Access aggregation attacks
An access aggregation attack is carried out by collecting several pieces of insensitive information and drawing conclusions from them to devise sensitive information. In simple words, adversaries will gather multiple facts related to a system and study them to conduct an attack. A reconnaissance attack is an example. It involves hackers combining several tools to identify different elements of a target system, such as the operating system, IP address, open port, and more.

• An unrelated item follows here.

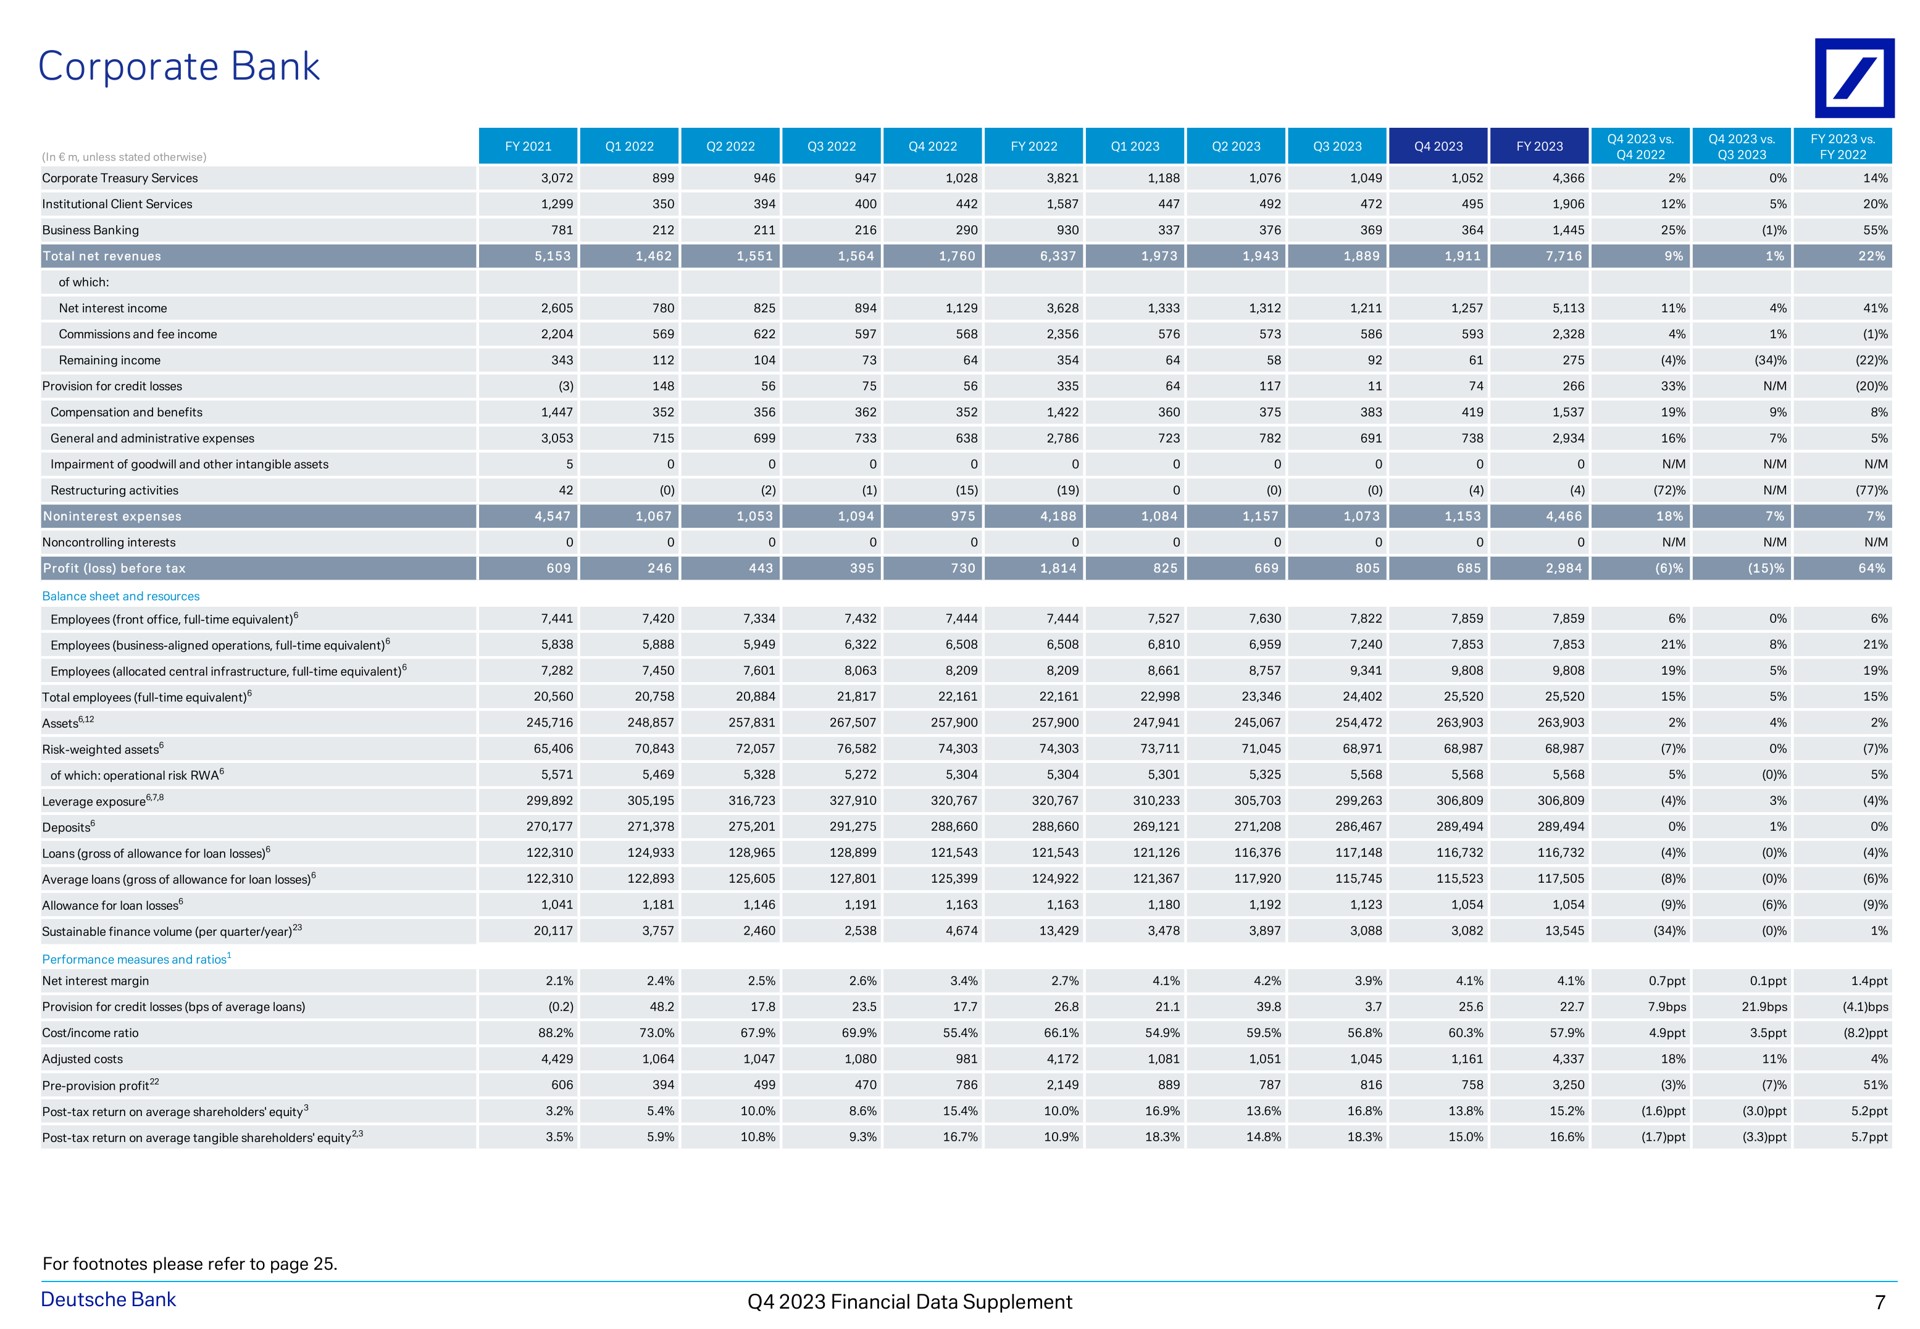 corporate bank peer aes financial data supplement | Deutsche Bank

You should be concerned about the following access aggregation attacks.
Password attack
Passwords are the weakest link of authentication. Password attacks attempt to breach the user, administrator or root password. On the user level, the attacker can access the individual account and the resources associated with it. On the administrator or root level, the attacker can access any account and authorized resources. The latter could also be used to create backdoors that could be used at a later date. An enterprise may need to rebuild the entire system if it becomes a victim of a password attack. Strong passwords are the key to securing the system against such attacks. A strong password includes 8-15 characters with a combination of different character types (lowercase letters, uppercase letters, special characters, and numbers).
Dictionary attack
These attacks are based on the dictionary file (in its fixed state) that a program scans to discover a “match” with an entered password. Comparative analysis is the method commonly used by password-decoding programs to “hash” the common word variations in the dictionary file. The programs then compare the results to the encrypted password and decode it if a match is found. Therefore, if a password includes dictionary-based words, it can be cracked quickly. All types of authentication except PAP are vulnerable to a dictionary attack. Dictionary attack was used to hack Twitter accounts of celebrities in 2009. Again, combining different character types is the key to safeguarding your network and system.
Brute-force attack
This attack systematically tries all password combinations including symbols, letters, and numbers. Hackers use sophisticated tools that attempt these combinations and search for passwords with a “hash value” that’s similar to the entry stored in a user account’s system file. The adversary does not need to find the real password, rather another password with the same hash gets the job done. For instance, the stored hash value for the password “INFOSEC1” might be 68FAC1 hexadecimal. The brute-force tool will conduct comparative analysis to see if there’s a hash value match. If a match is found, it will crack the password. Complex and long passwords are the solution to making a brute-force attack time-consuming and unattractive to carry out.
Birthday attack
If two passwords store the same hash value, “collision” occurs. A birthday attack, based on a statistical term known as the birthday paradox, attempts to find a collision. The statistical concept states that in a room with 23 people, there’s a 50 percent chance of two individuals having the same birthday. If February 29th is removed from consideration, there are 365 days in a year, but a match does not require 366 people in the room. So there’s a possibility that two passwords can have the same hash, and a cyber criminal with a 23 hash sample has a 50 percent chance of discovering them. Seeing all hashes is not a necessity to discover a match. Birthday attacks can be prevented by implementing hashtag algorithms with ample bits to make collision discovery infeasible. Long and complex passwords will also help.
Sniffer attack
Also known as eavesdropping, a sniffer attack takes place when a hacker uses a sniffer (aka. protocol analyzer or packet analyzer) to capture traffic routing over a network. The tool can capture and read any information in cleartext, such as passwords, over a network. An example of a sniffing tool is Wireshark; it can collect the contents of a document opened on a system and routed over a network. Data encryption is the most effective safety measure as sniffers cannot analyze encrypted data. Intrusion detection systems can also be used to receive sniffing alerts to know when a sniffer is capturing data.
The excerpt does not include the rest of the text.